You can then use your findings as a focus for future marketing, accentuating the positives that already appeal to your customers. This will strengthen the ties of loyalty that already exist.

2) Ask for Feedback 

Make brand perception research an ongoing process. Frequently ask your customers for feedback, and genuinely take it on board. Doing this has two strengths.

First, you’ll continue to see things from a customer’s point of view, making your future branding and marketing work hit the target more effectively.

Second, it shows your customers that you care about their opinions. This increases their emotional investment, and they’re more likely to recommend your business almost as a matter of personal pride.

3) Give Unexpected Treats 

You probably already hold a lot of personal info on your customers, so why not use it to boost advocacy?
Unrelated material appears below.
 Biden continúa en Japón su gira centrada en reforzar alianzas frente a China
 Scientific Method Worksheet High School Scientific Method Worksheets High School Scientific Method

Send your best customers a useful gift on their birthday, for example, and the gesture will make a strong impact.

Their delight will further increase their loyalty, and they’re also likely to tell their family, friends, and social media contacts about their pleasant surprise. This is powerful advertising for very little cost.

4) Set Up a Referral Program 

Even if your customers are already happy to recommend you to their friends, giving them a nudge in the right direction always helps. Incentivize them by offering reward points or discounts for every new customer they send your way.

There’s no need to develop a massive multi-level marketing operation, but a small bonus helps to convince contented customers to tell others about you.

5) Featured Customers 

Contact some of your best customers and ask if they’d like to be included in a ‘meet the customer’ section on your blog. Many will say no, but the ones who agree will be thrilled at the attention.

Interview them about their use of your products or give them a tour of your premises and video the results. However, you make the content, publishing it will serve two valuable purposes.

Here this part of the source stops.